Assessment of covariates
During the survey, each participant completed a household interview and underwent a physical examination of health and nutritional status. Data on age, sex, ethnicity, education, poverty-income ratio (PIR), smoking status, and medical conditions (including hypertension, CVD, diabetes, and cancer) were collected from household interviews via structured questionnaires. Body weight, height, and blood pressure were obtained at the mobile examination center by trained staff. Body mass index was calculated as weight in kilograms divided by the square of height in meters. Blood samples were collected at the visit, and a complete blood count and biochemical analysis were performed according to the NHANES Laboratory/Medical Technologists Procedures Manual. Habitual physical activity was defined as engaging in ≥150 min of leisure activity per week. CVD and cancer were identified based on participants’ self-reports of having been informed of these conditions by a healthcare professional. Hypertension was determined by self-reported physician diagnosis, use of antihypertensive agents, or a systolic blood pressure ≥140 mmHg and/or diastolic blood pressure ≥90 mmHg at the time of visit. Diabetes was determined by self-reported physician diagnosis, use of antidiabetic agents, or glycated hemoglobin A1c ≥ 6.5% or fasting blood plasma ≥126 mg/dL.
Construction of the biological age models
In this study, we employed several established biological aging measures to capture different dimensions of aging. PhenoAge, derived from clinical biomarkers, reflects systemic mortality risk. Building on this framework, we further extended the approach to develop organ-specific ages, which assess aging at the level of individual physiological systems. Two DNA methylation-based measures were also included: GrimAge2, optimized for mortality and morbidity prediction, and DunedinPoAm, which quantifies the rate of physiological decline. Detailed procedures for the calculation of each measure are described below.

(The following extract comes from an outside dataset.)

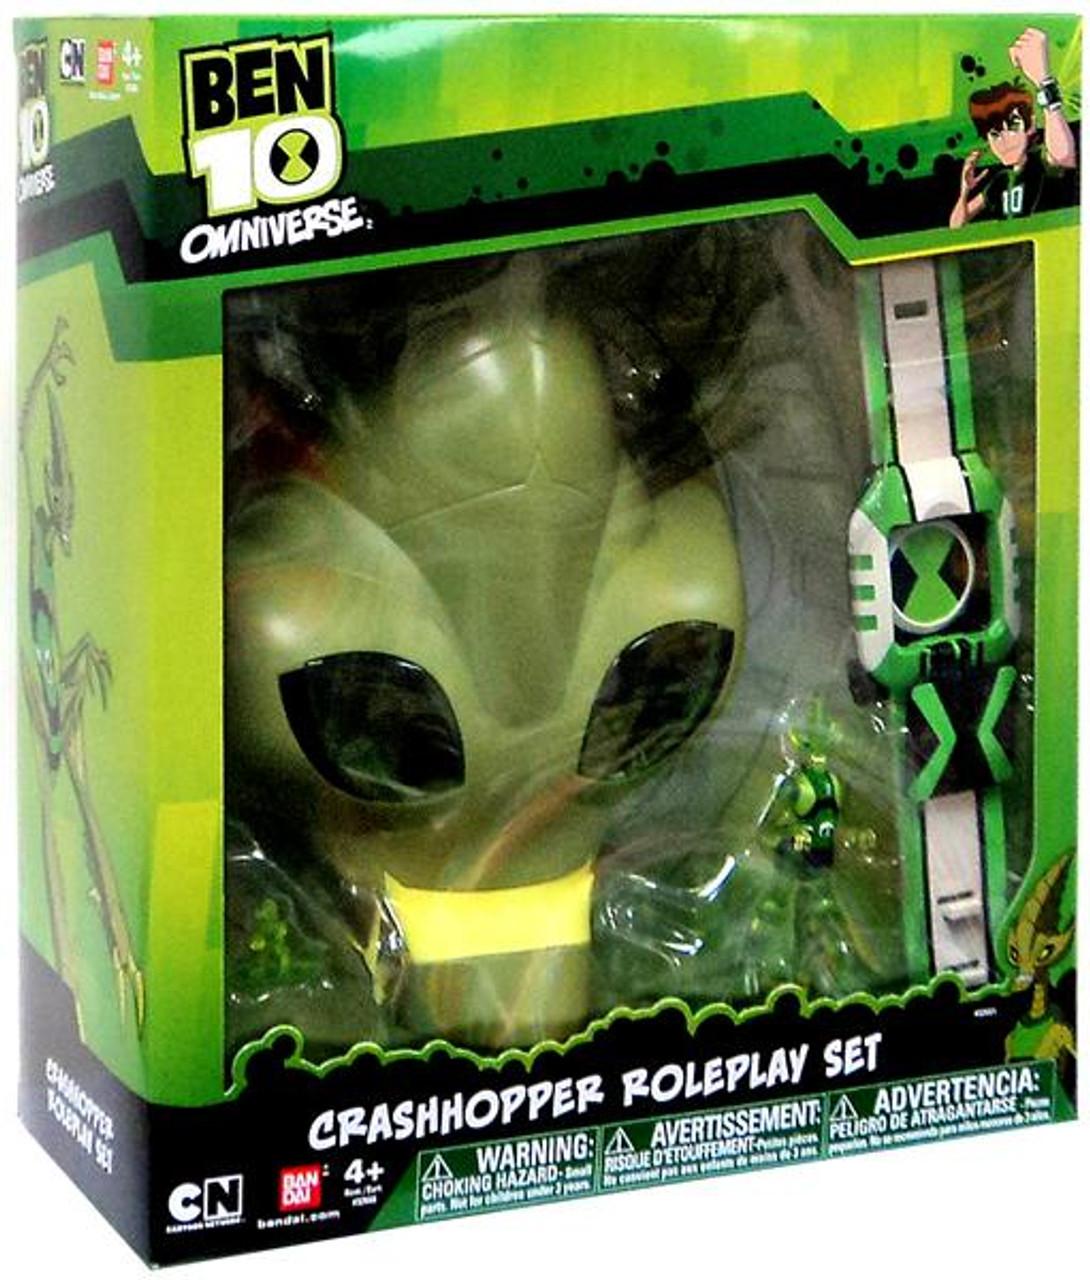 Ben 10 Omniverse Crashhopper Roleplay Set Roleplay Toy

Phenotypic ages, including PhenoAge and organ-specific ages (referring to CardiacAge, KidneyAge, LiverAge, and MuscleAge in this study) according to mortality prediction-based models, are based on clinical biomarkers (both physical and physiological measures) used to reflect the health and functionality from NHANES 1999–2018. The following formula was used to: (1) Construct the Gompertz cumulative distribution function (CDF) to estimate the 10-year all-cause mortality risk (t = 10 here), with age as the predictor.
$$\mathrm{CDF}(t,\,\mathrm{age})=1-\exp (-\exp (\mathrm{age}* {{\rm{\beta }}}_{0}+{c}_{0}){{{\rm{\gamma }}}_{0}}^{-1}(\exp ({{\rm{\gamma }}}_{0}t)-1))$$
(1)
(2) Construct the Gompertz CDF to estimate the 10-year all-cause mortality risk (t = 10 here), with CA (chronological age), and biomarkers as the predictors. xb was designated the linear combination of CA and other biomarkers.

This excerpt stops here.